— Пишите четко, чтобы все смогли разобрать… И я буду писать… Так… «Сын, брат мой дорогой, товарищ мой!»
Им казалось, что к родным своим сыновьям обращается Екатерина Павловна. И к их товарищам. И к тем, кто пошел в лес и кто завтра пойдет. Ведь нельзя сидеть теперь на печи, когда у тебя есть руки, способные держать оружие, есть глаза, способные увидеть врага…
— «Юноша-воин! Тебя растила и воспитывала великая Партия. Она готовила из тебя строителя социалистической державы, человека прекрасной эпохи великих деяний.
Ты вырос мужественным и добрым от природы, ты был весь в труде творческом, и вся земля твоя, твои необозримые поля уже начали петь песню твоему вдохновению, и твои старые родители радовались, глядя на тебя, и молодели душой».

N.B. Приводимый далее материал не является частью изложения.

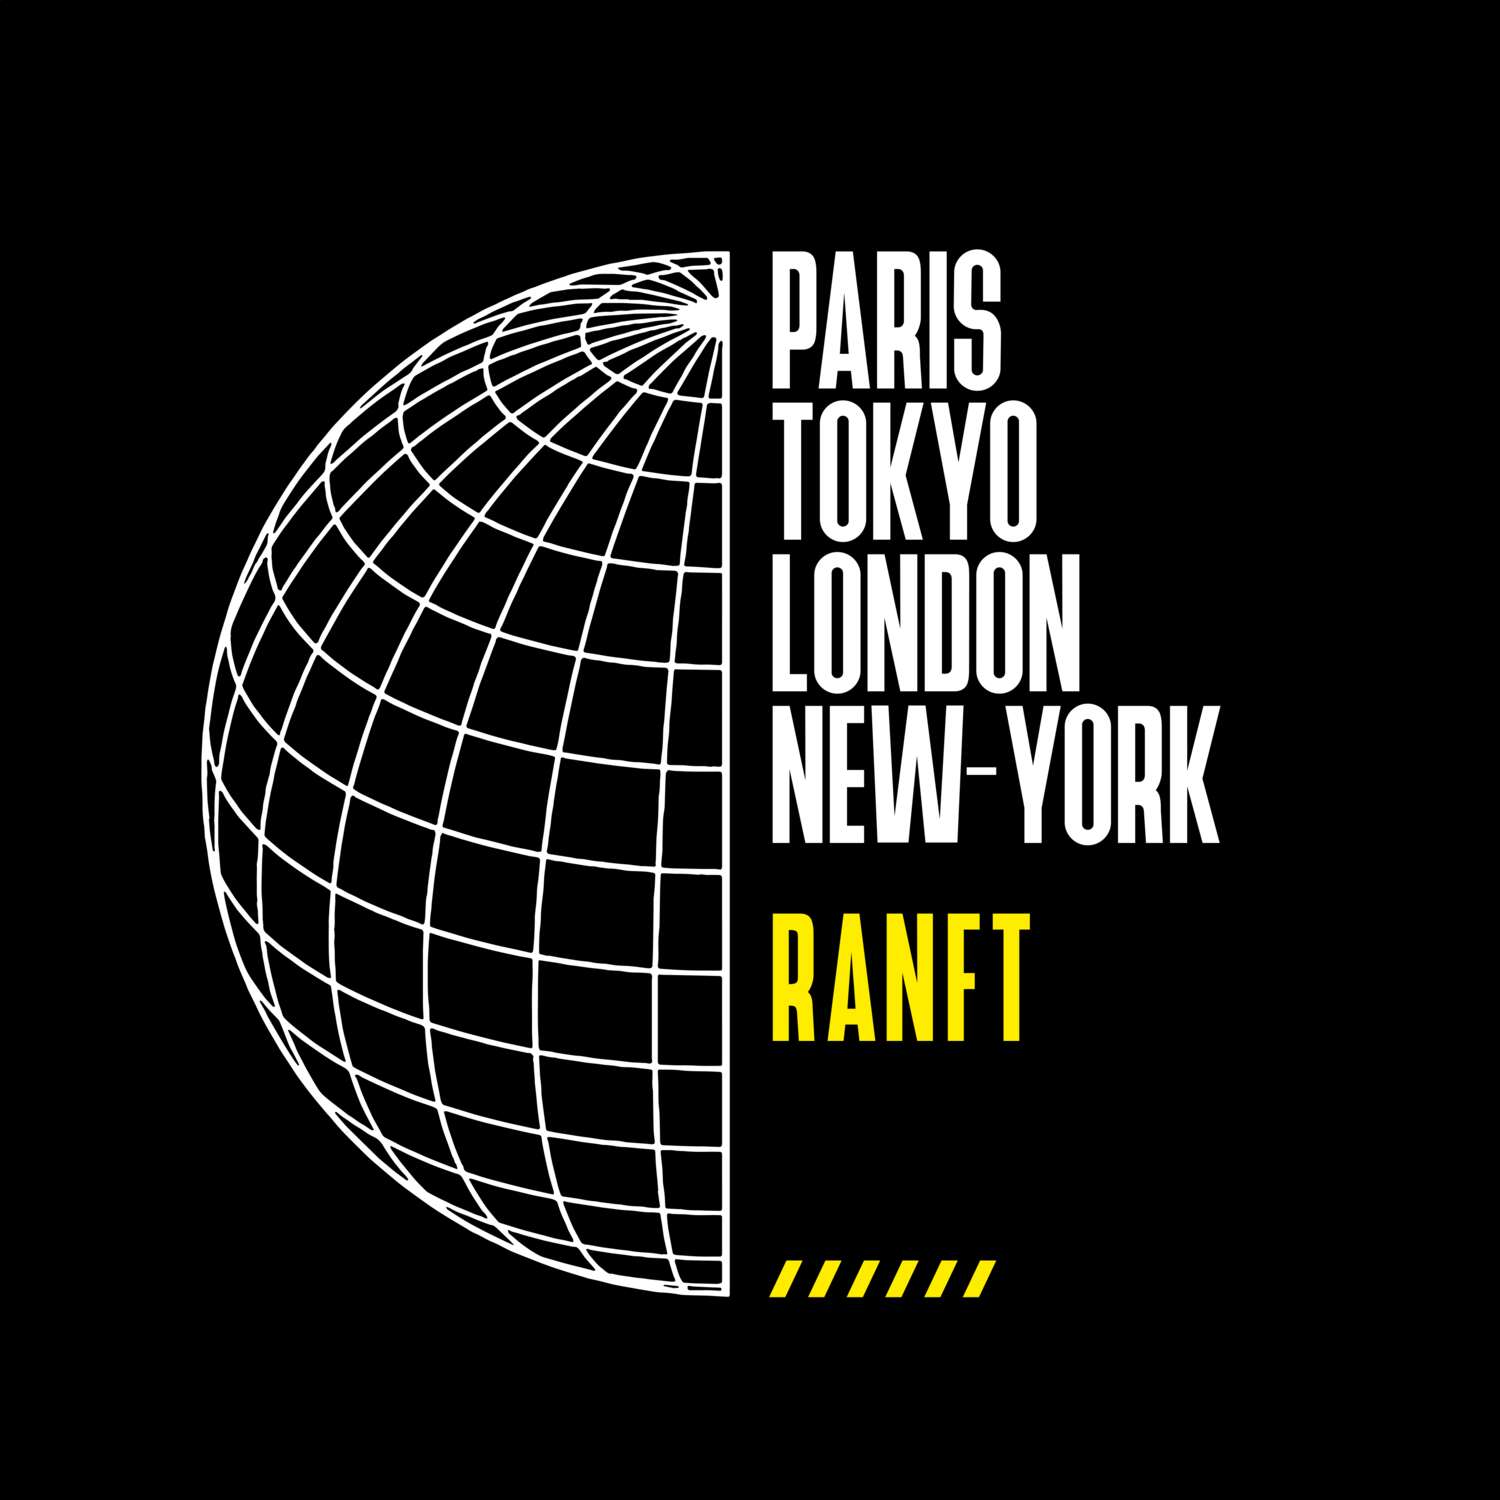 Ranft T-Shirt »Paris Tokyo London«
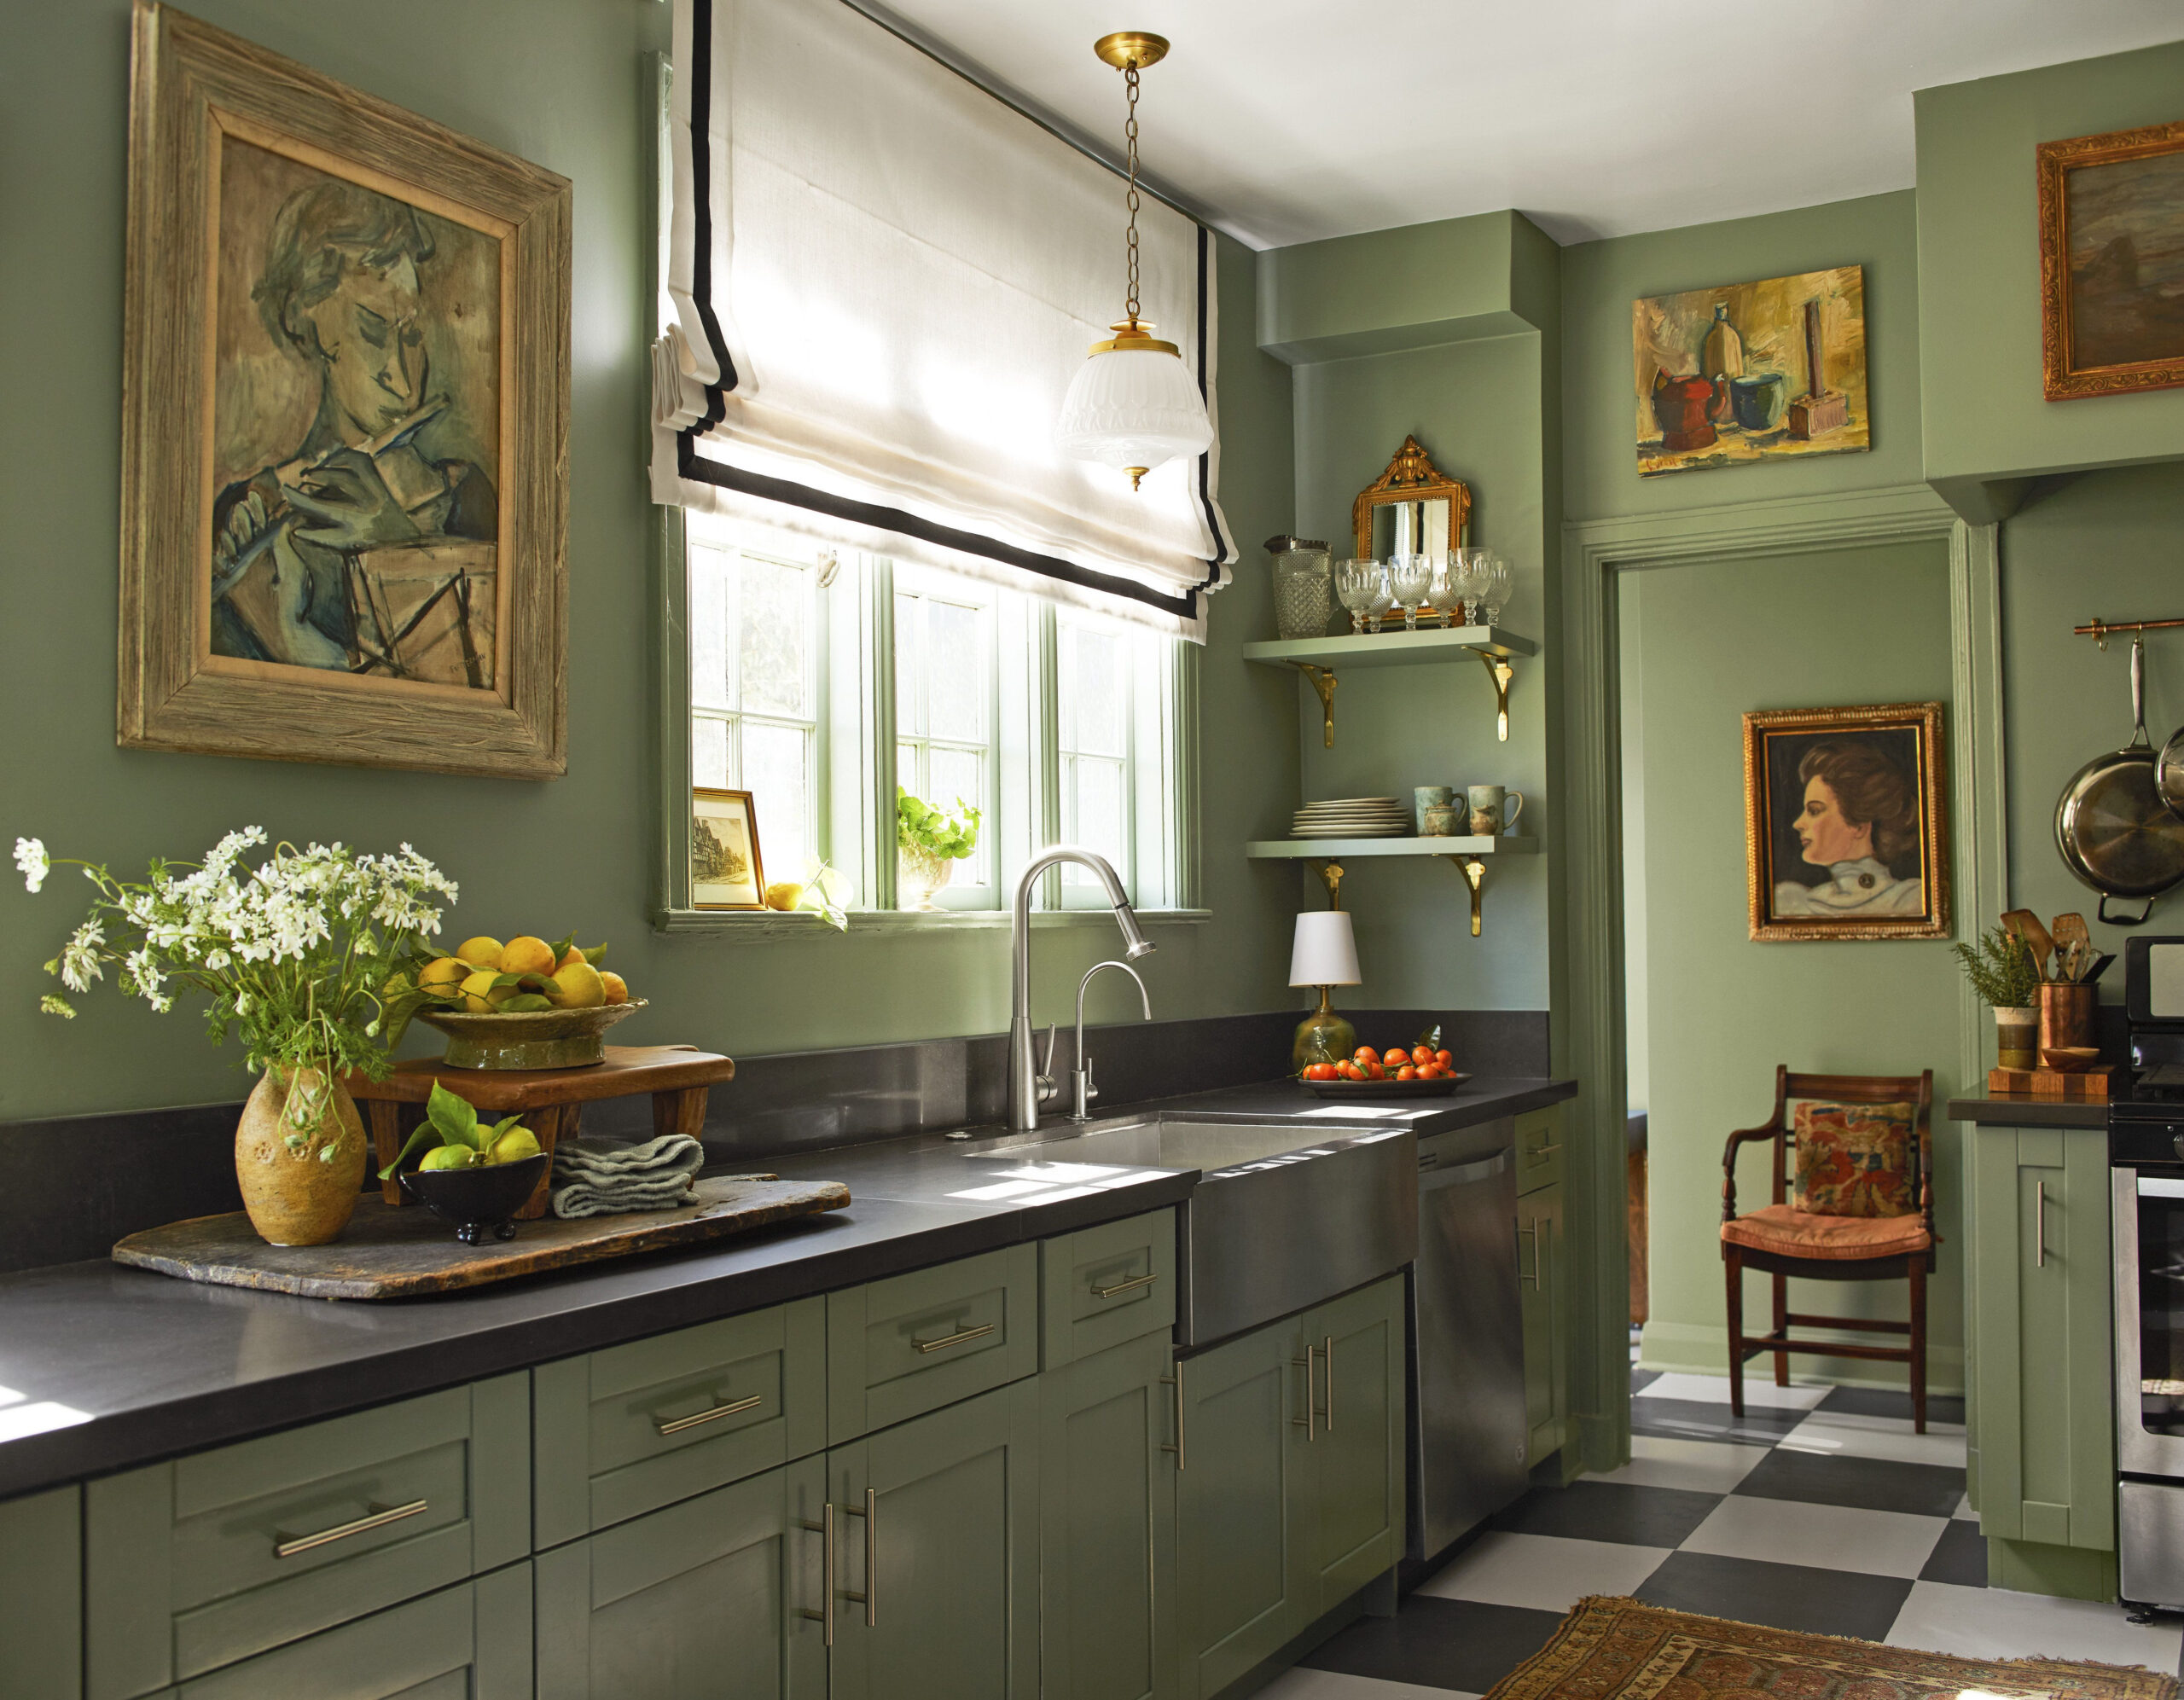 Best Kitchen Wall Decor Ideas - Beautiful Kitchen Decorations

Гриша минутку помедлил, ему хотелось сказать, что умный человек сочинил эту листовку. Кто же после таких слов, будто раскаленных в кузнице, не возьмет в руки оружия и не пойдет на того золотозубого палача или на этих своих оборотней?!
Но ничего не сказал. Когда Екатерина Павловна увидела, что Гриша остановился, попросила:
— Будем, дети, писать дальше.
И ребята вновь переписывали на бумагу горячие слова из листовки, которая поднялась в небо где-то там, за далекими фронтами, а села на землю полесскую.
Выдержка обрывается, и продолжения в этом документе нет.